V. EXPERIMENTAL RESULTS
A. Home Page
Conclusion
The above paper proposes a system for detecting Hindi and English tweets in Twitter. Because cyberbullying is highly dependent and contextual, sentiment and other contextual clues can help detect it. The system uses sarcastic tweets, not a data source of 9,104 cyberbullying tweets. The system uses LR. The approach has shown good results, with the LR classifier being more accurate than others. The extracted patterns do not cover all sarcastic detection patterns. The survey concluded that traditional machine learning algorithms cannot handle the massive amounts of data generated by Web 4.0, nor can cyber bullying content be accurately detected.

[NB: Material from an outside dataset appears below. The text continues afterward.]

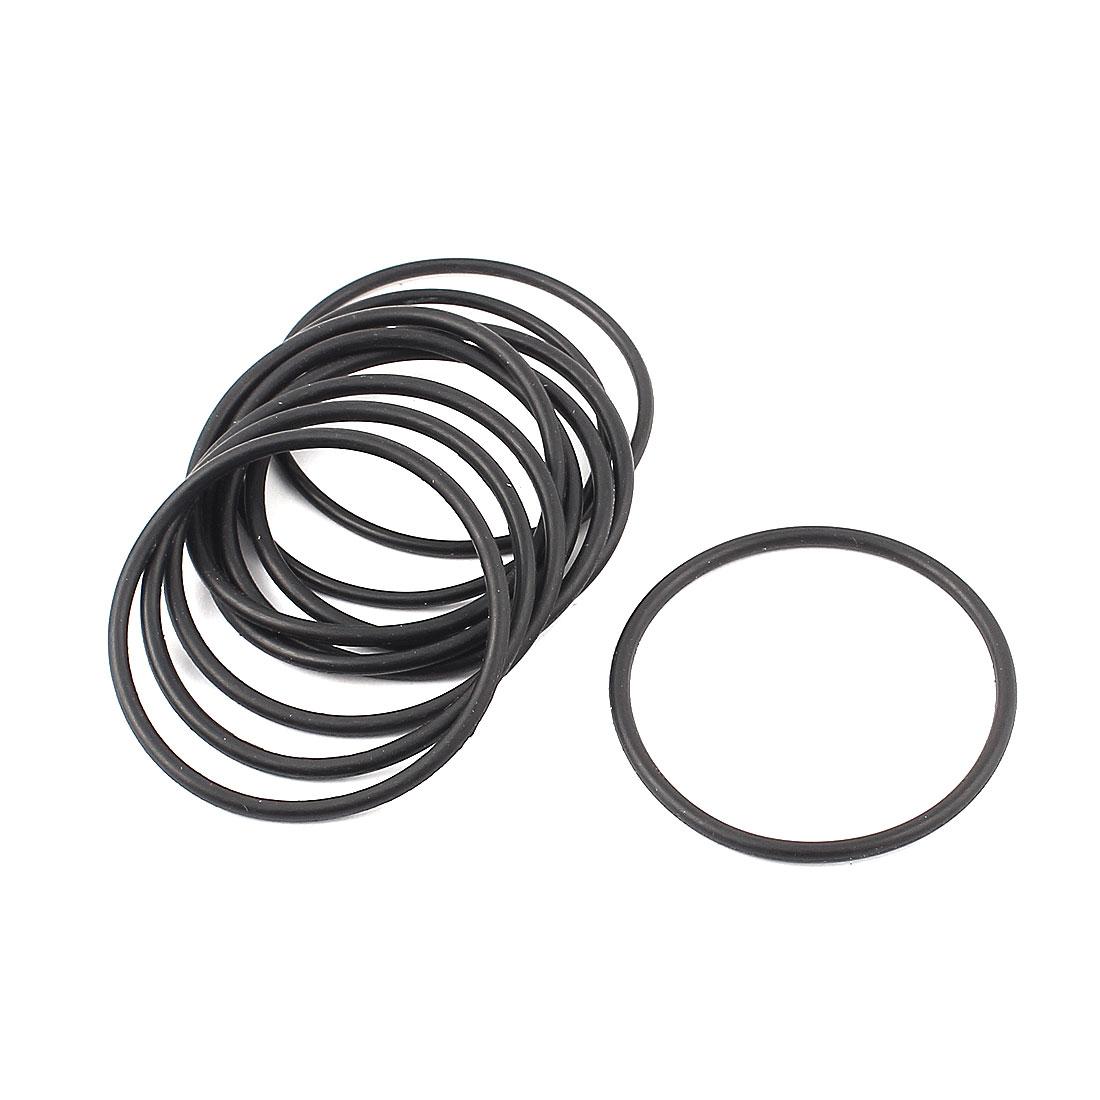 45mm Dia Rubber Oil Seal Sealing O Ring Black 10pcs

Many researchers have recently become interested in Deep Learning, NLP, CNN, and stacked auto-encoders. Future research can use deep learning to detect cyberbullying in social media. Cyberbullying is a hotly debated topic. It is an emerging issue in Web 4.0. After reviewing 30 research papers, it was discovered that there is a lack of proper dataset, and that integrating social, contextual, and sentiment features can improve the monitoring of bullying content. Aside from text, images and video must be recommended for future careers.
References
[1] 1 Y. Bengio, A. Courville, and P. Vincent, “Representation learning: A review and new perspectives,” Pattern Analysis and Machine Intelligence, IEEE Transactions on, vol. 35, no. 8, pp. 1798–1828, 2013
[2] 2 A. M. Kaplan and M. Heinlein, “Users of the world, unite! The challenges and opportunities of social media,” Business horizons, vol. 53, no. 1, pp. 59–68, 2010.
[3] 4 B. K. Biggs, J. M. Nelson, and M. L. Sampilo, “Peer relations in the anxiety–depression link: Test of a mediation model,” Anxiety, Stress, Coping, vol. 23, no. 4, pp. 431–447, 2010.
[4] 5 K. Dinakar, B. Jones, C. Havasi, H. Lieberman, and R. Picard.” Common sense reasoning for detection, prevention, and mitigation of cyberbullying.” ACM Transactions on Interactive Intelligent Systems (TiiS) 2, no. 3, 2012, p. 18.
[5] 6 V. Nahar, S. Unankard, X. Li, and C. Pang.” Sentiment analysis for effective detection of cyberbullying.” In Asia-Pacific Web Conference, Springer, Berlin, Heidelberg, 2012, pp. 767-774.
[6] 7 V. Nahar, X. Li, C. Pang, and Y. Zhang.” Cyberbullying detection based on text-stream classification.” In The 11th Aust ralasian Data Mining Conference (AusDM 2013), 2013.
[7] 8 M. Dadvar, D. Trieschnigg, R. Ordelman, and F. de Jong.” Improving cyberbullying detection with user context .” In European Conference on Information Retrieval, Springer, Berlin, Heidelberg, 2013, pp. 693-696.